CouchDB: Pros and Cons

I have been looking at a lot of the different databases that are working outside the traditional SQL style RDBMS (and I want to point out that having a true RDBMS might actually be something very different to what we have now). I have spent a lot of time with CouchDB compared to the others because it seems to occupy a special niche in data storage. It also builds in a REST interface right off the bat which effectively decouples the storage mechanism from the delivery and makes the whole system very language neutral.

CouchDB represents the first serious contact I have had with JSON and in deciding whether CouchDB is right for your project you really need to understand what JSON does and doesn’t offer.

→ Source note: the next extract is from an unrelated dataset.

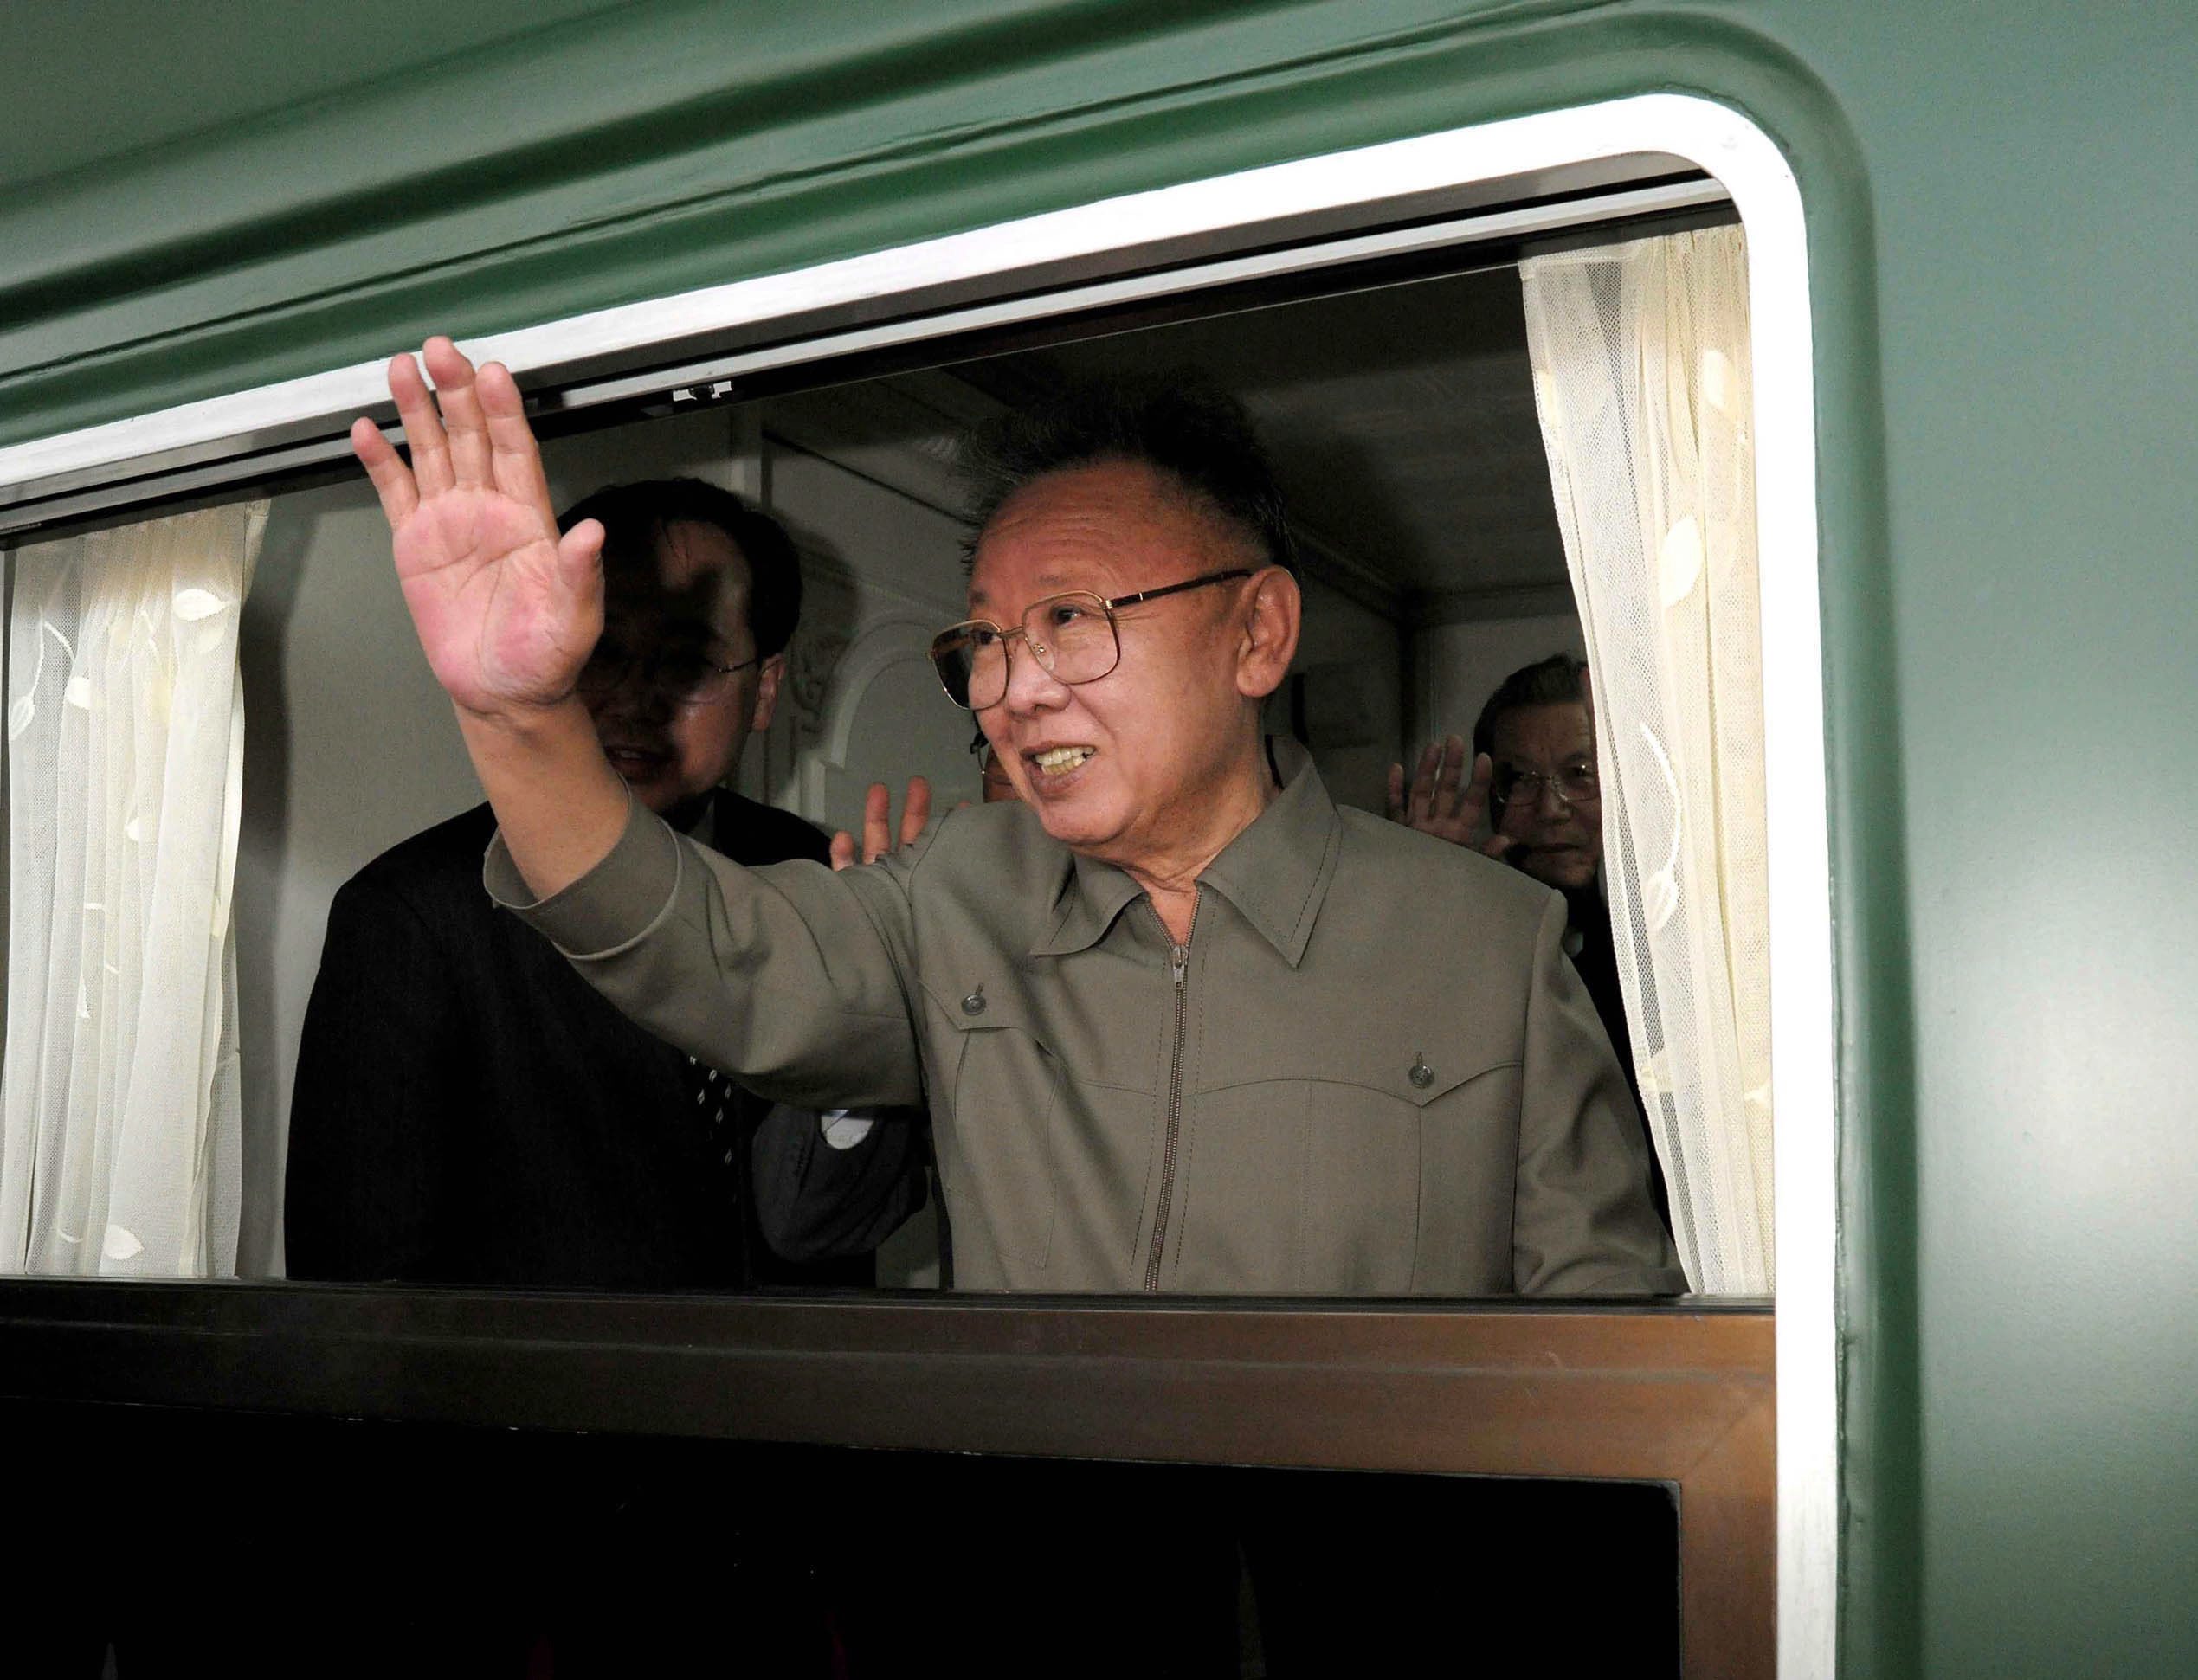 Севернокорейският лидер Ким Чен-ир е починал, докато пътувал във влак

The first important thing is that JSON offers a kind of compromise from the heavy data definition in SQL or XML Schema and totally typeless data of something like flat files or Amazon SimpleDB. However to achieve that simplicity there are two consequences. Firstly data integrity is palmed off onto client applications and you will need to check data going in and coming out. I don’t personally believe that there is ever an application that doesn’t have some explicit or implicit data integrity. Second JSON documents can be very rich and complex but they cannot have detailed field structures, a telephone number is simply going to decompose into two numbers and its hard to get much finer grain description of the data. As a rule of thumb if you would normally create a well-formed XML document for the data or you would define a SQL data definition that would simply declare all the types of the column using all the defaults and never specifying a NOT NULL column then you probably have a good match.

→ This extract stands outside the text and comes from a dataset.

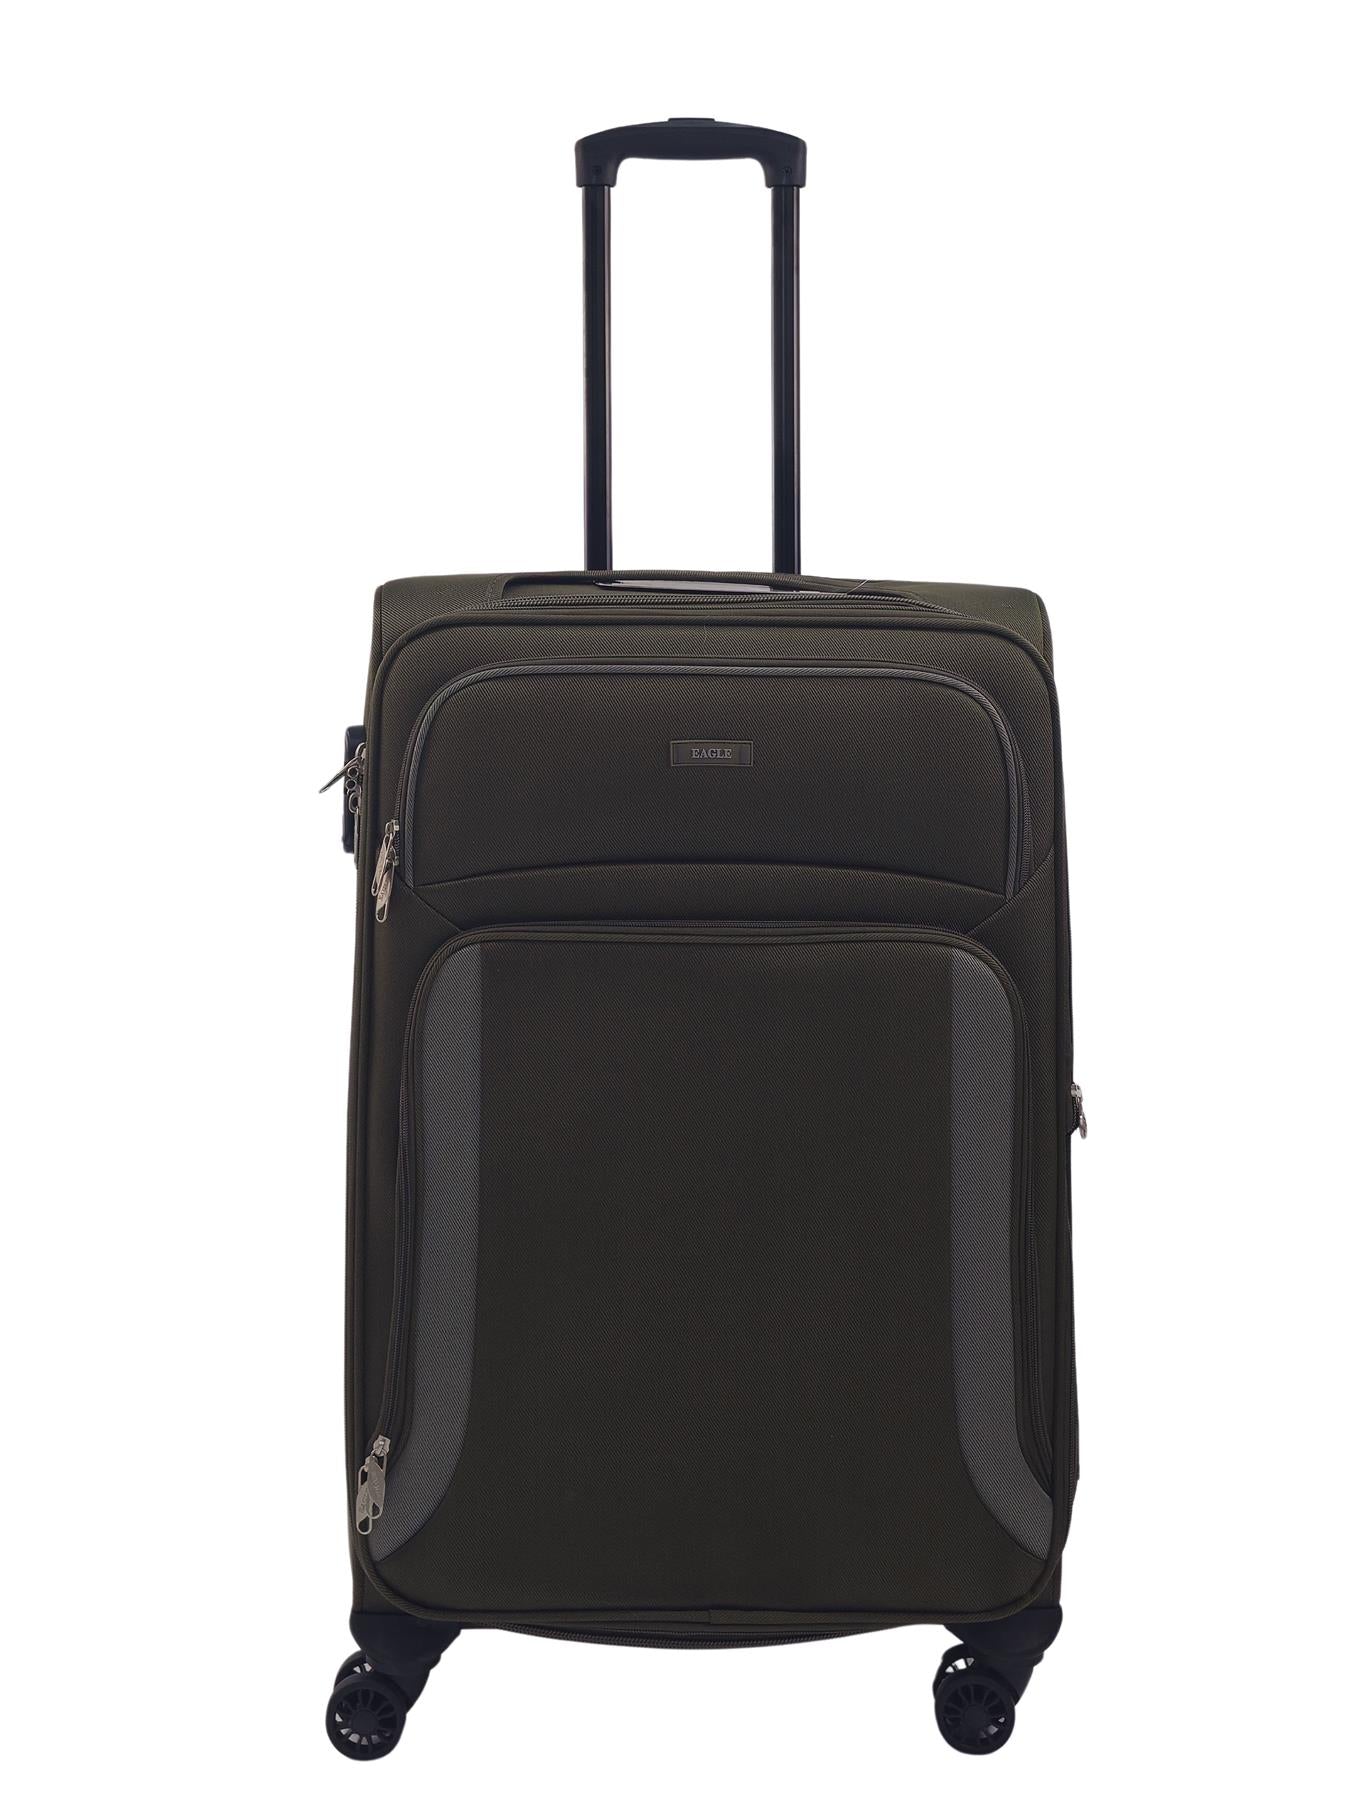 Ashland Medium Soft Shell Suitcase in Khaki

JSON also favours dynamic languages over static types like Java. You need to decide if you are going to be able to take advantage of the full set of features in your chosen client language. XML might remain a better choice for static languages as you describe document instances declaratively.

Other good features about CouchDB include the fact that its incubating for Apache and will be a good addition to the projects there. It also leverages existing Javascript skills which are probably more common than people who know XPath, XQuery or even XML Schema and Relax NG. It has excellent support for incremental data and also fits well with highly irregular data like CMS page content. It also has an excellent UI that makes it easy to interact with the data. Finally it seems to have a good solution for scalability without doing anything too esoteric.

The negative features are tricky because we obviously have an alpha project here that is probably closer to the start of the public testing phase than the end. Some of these cons may well be addressed before the first release candidate. The first obvious omission for a server product is that there is no security built into the server. Just supporting optional HTTP Authentication would be enough to make it practical to start running some experimental servers for something more than sandbox exercises. One thing that is a major difference to the feature set in the standard pseudo-RDBMS is that there is no way of interacting with sets of data. There is a method for changing multiple documents in one pass but what you really want to be able to do is apply a set of changes to documents identified by a query, the equivalent of SQL’s UPDATE.

Related to this is the fact that data in CouchDB is currently heavily based on silos. If I have a set of data referring to authors and a set of data relating to books then I currently need to duplicate data in both. One of the problems that the developers are going to face in evolving CouchDB is how to address this without introducing a solution so complex that you ask why you are not using an RDBMS? Similarly I notice in the roadmap there is an item about data validation. If you start introducing data validation and rules for validating data then before long there is going to be a question as to why you don’t simply use one of the existing document systems as all the current simplicity will have gone.

One thing that definitely needs improvement is error logging and reporting. Often the only error feedback you have is a Javascript popup that says “undefined” and a log message that tells you that the Erlang process terminated. There needs to be some more human-readable issue logging that points you towards what is going wrong.